++++ DATA PROVIDED

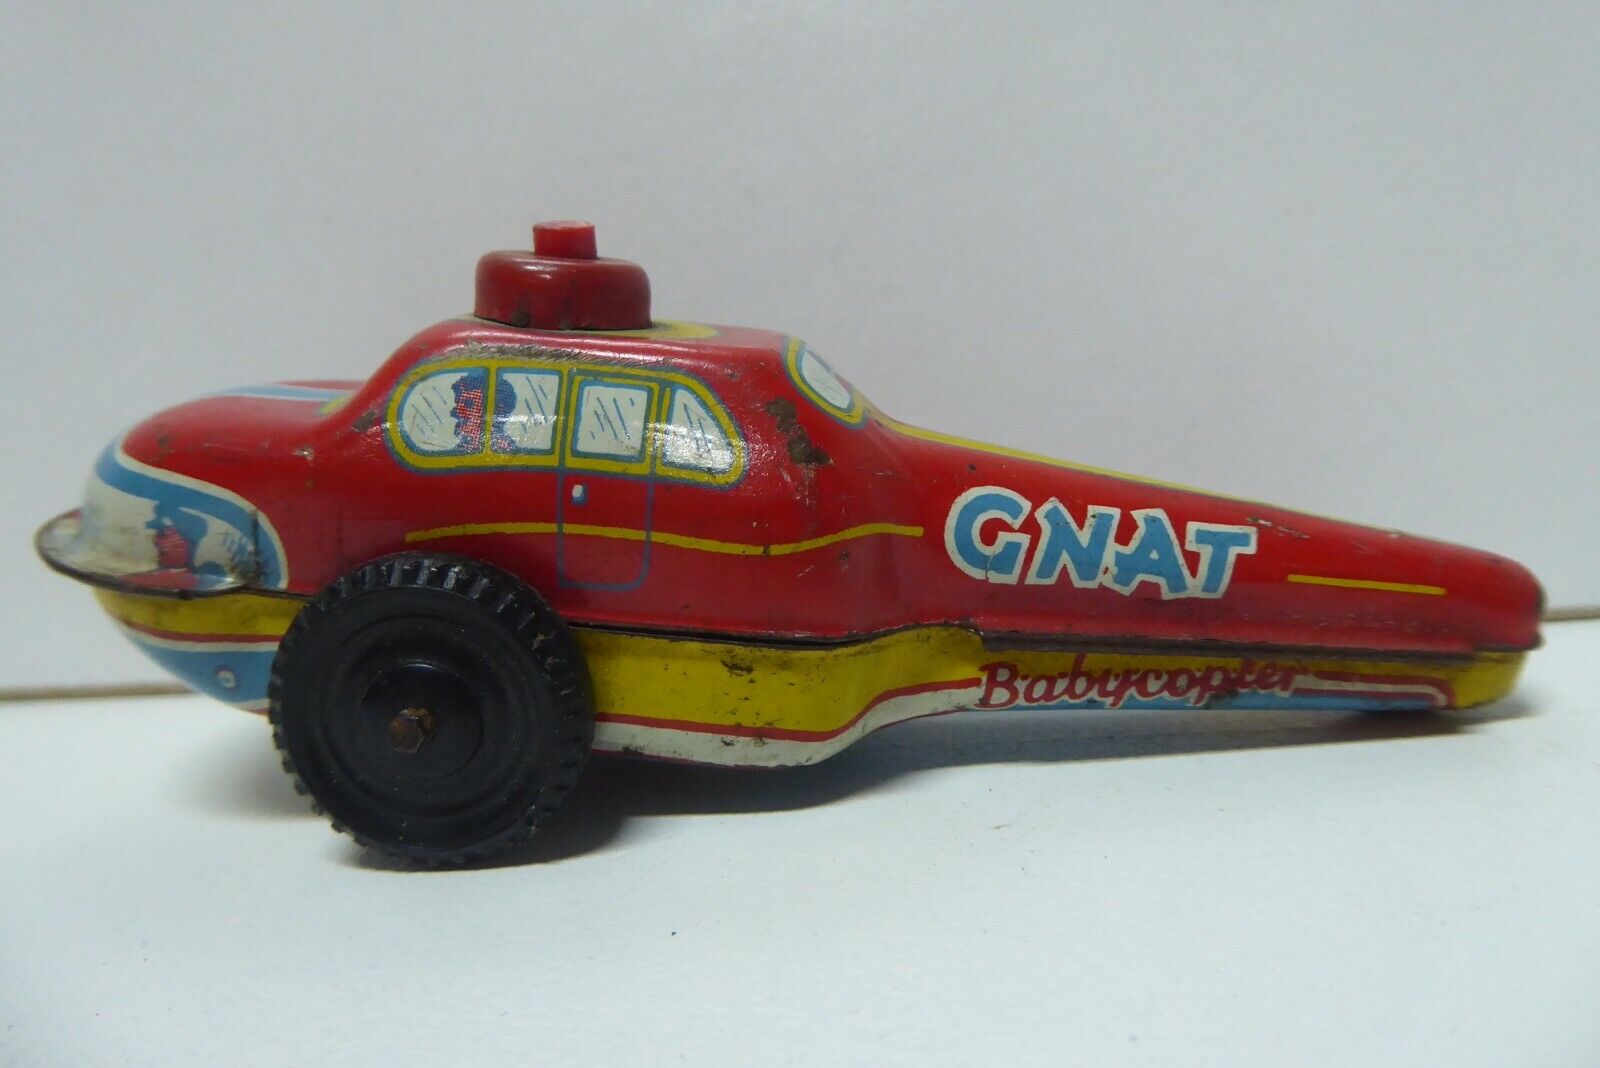 VINTAGE TIN PLATE GNAT HELICOPTER TOY MADE IN ENGLAND
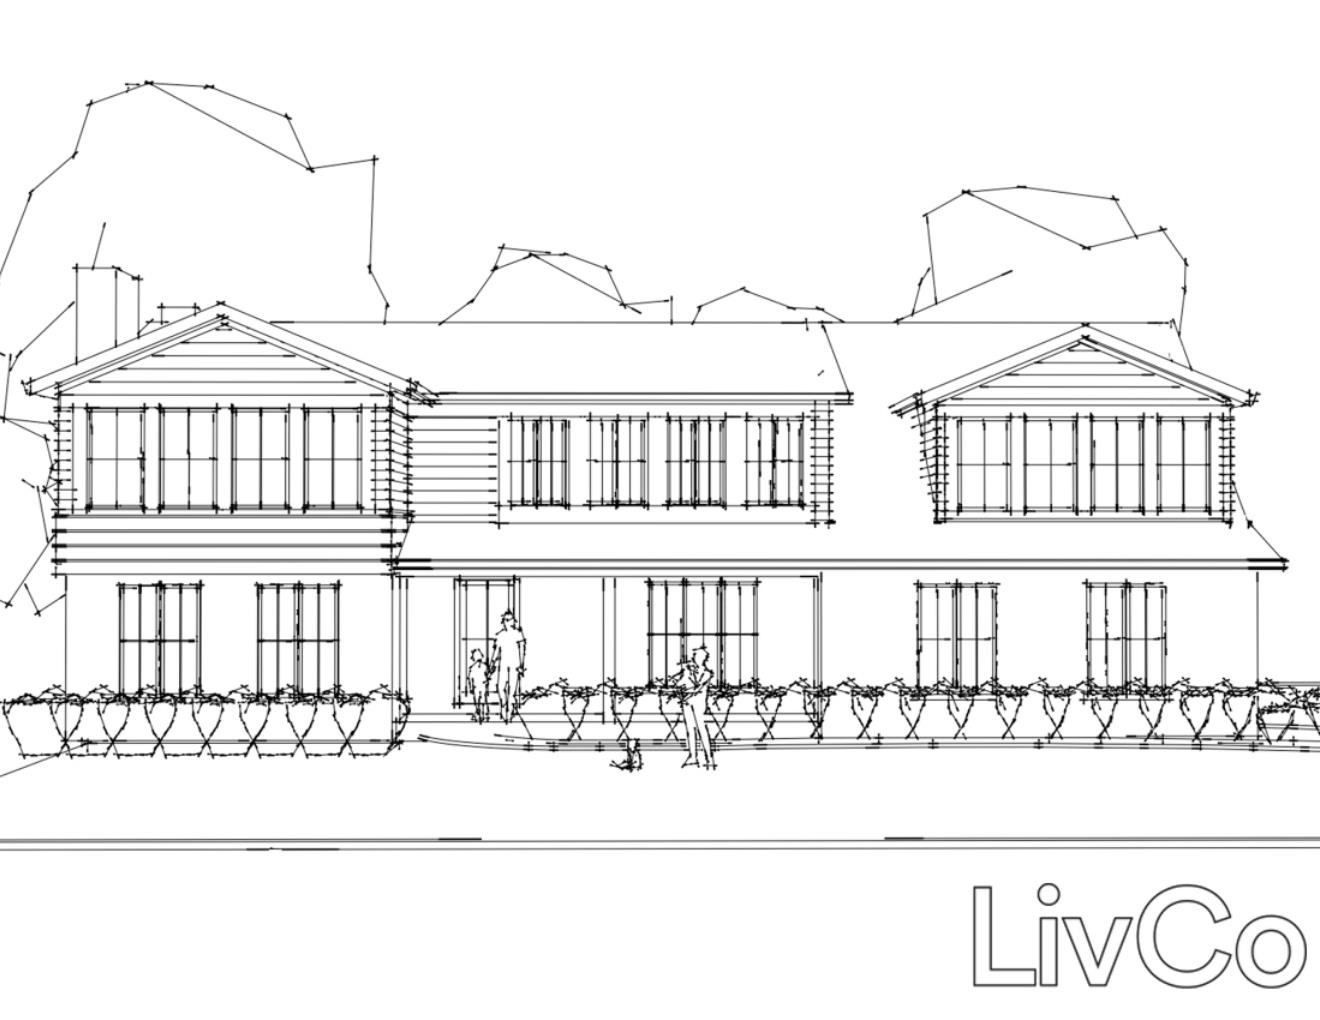 black and white sketch of the exterior elevation of a two story house in Hinsdale Illinois
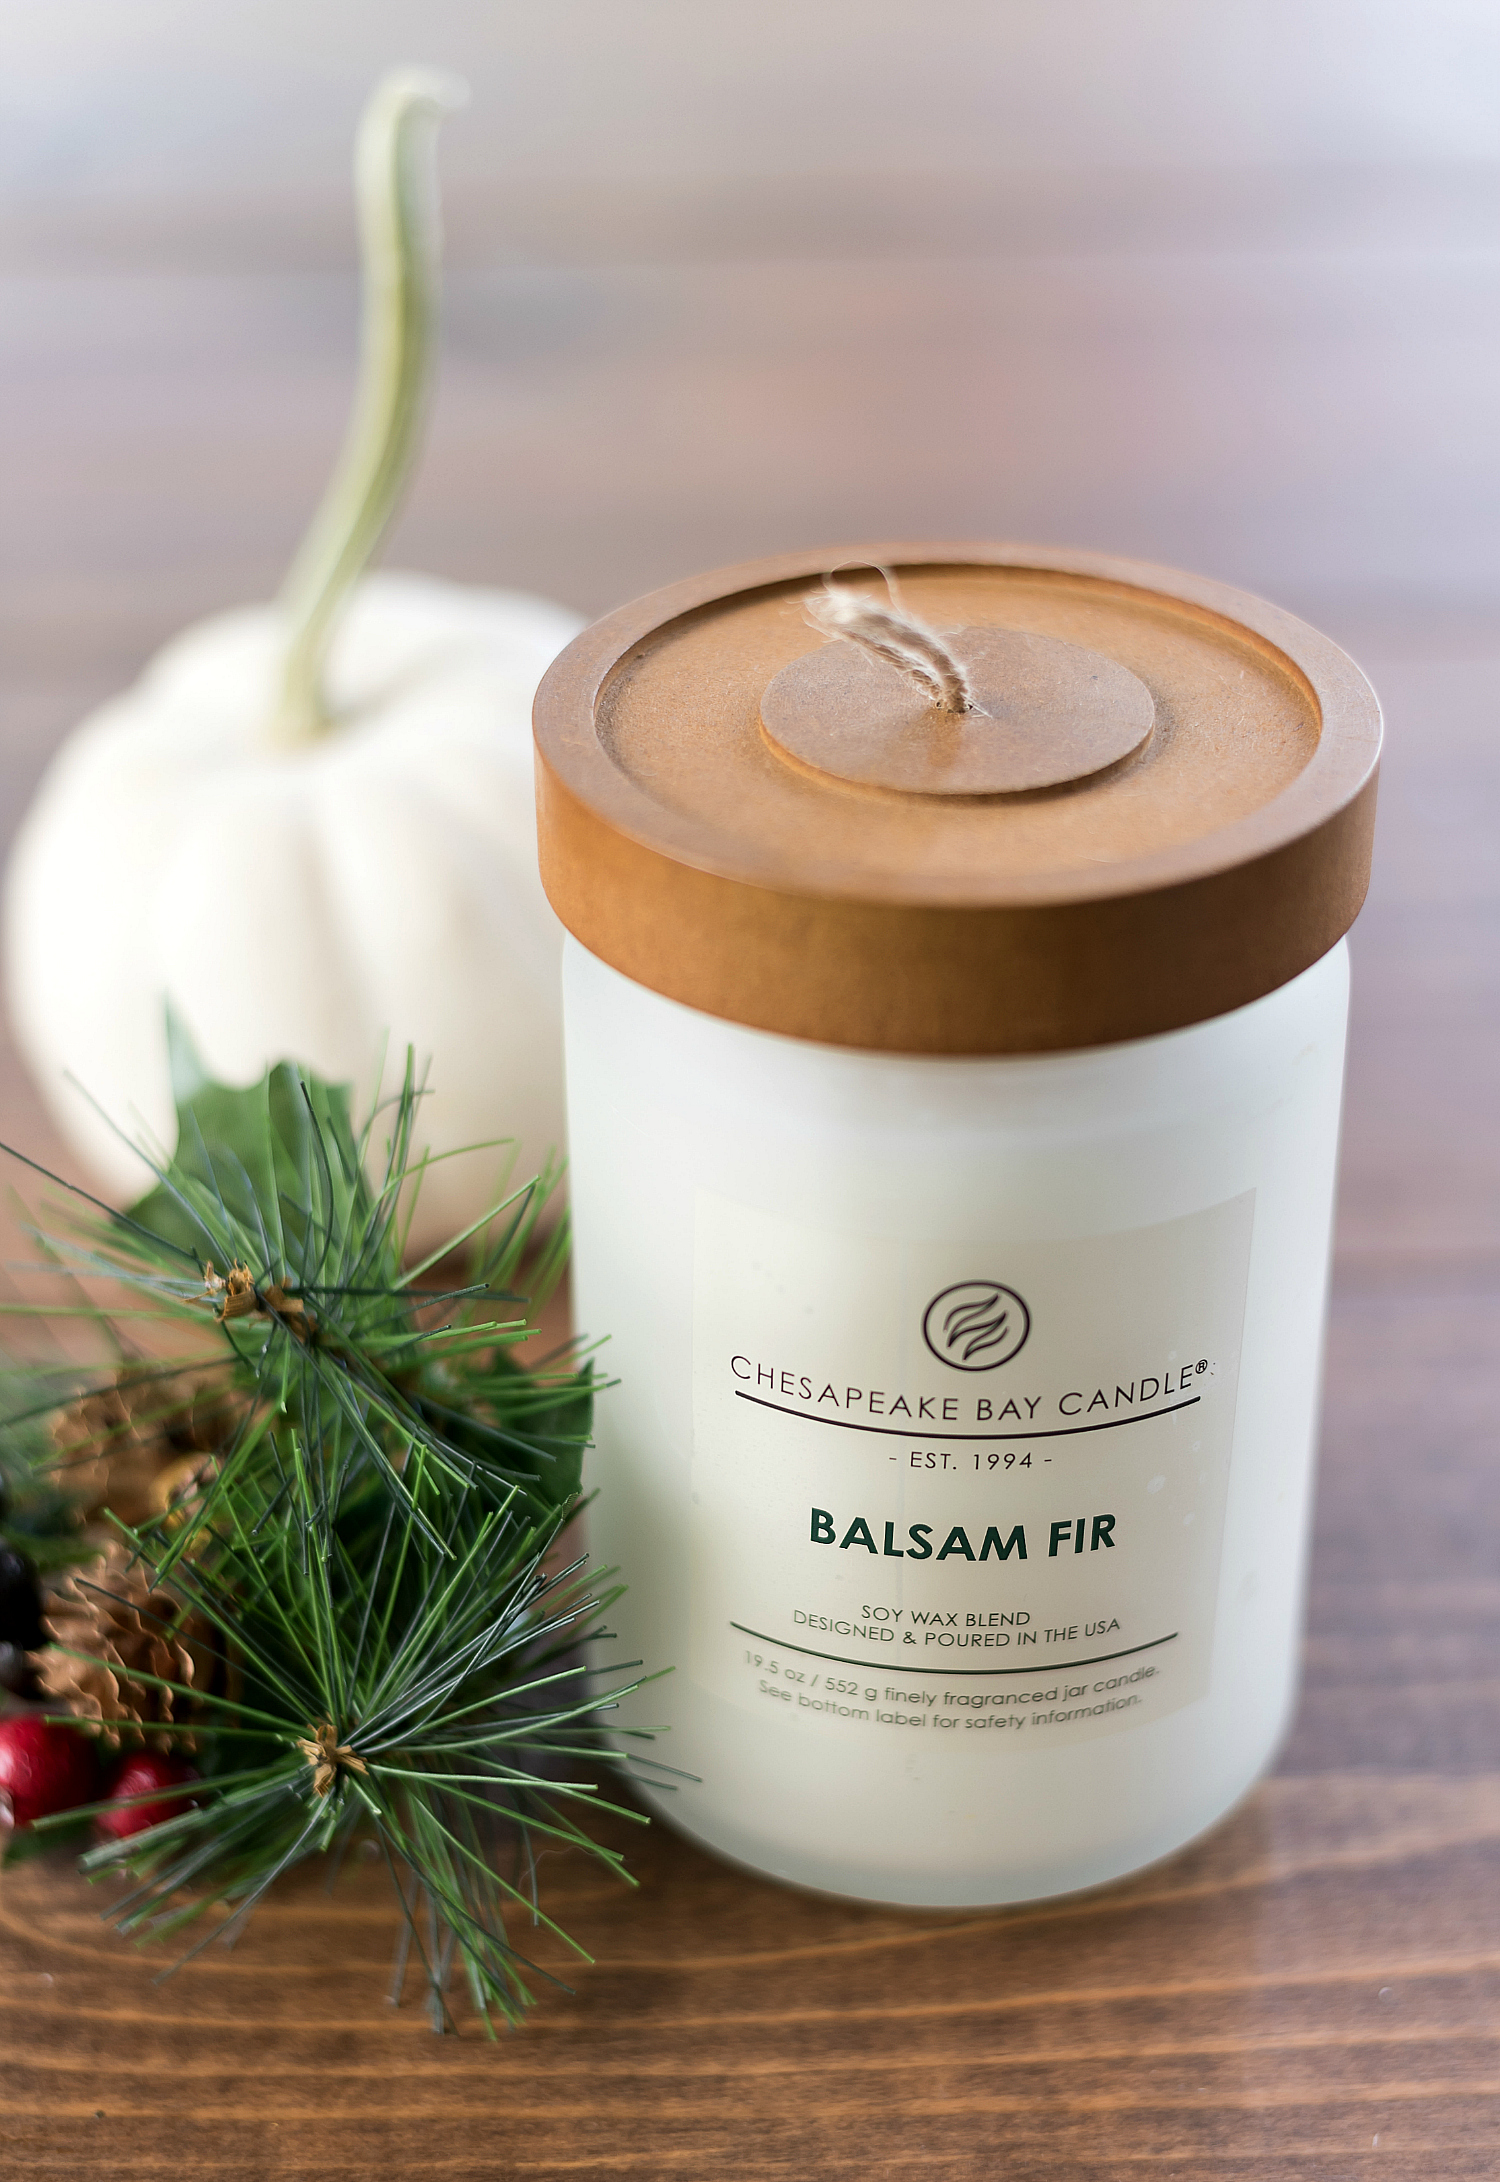 Balsam Fir Candle from Chesapeake Bay Candle Heritage Collection Fall 2017

++++++++

With images omitted, retype the data word for word.

 VINTAGE TIN PLATE GNAT HELICOPTER TOY MADE IN ENGLAND
 black and white sketch of the exterior elevation of a two story house in Hinsdale Illinois
 Balsam Fir Candle from Chesapeake Bay Candle Heritage Collection Fall 2017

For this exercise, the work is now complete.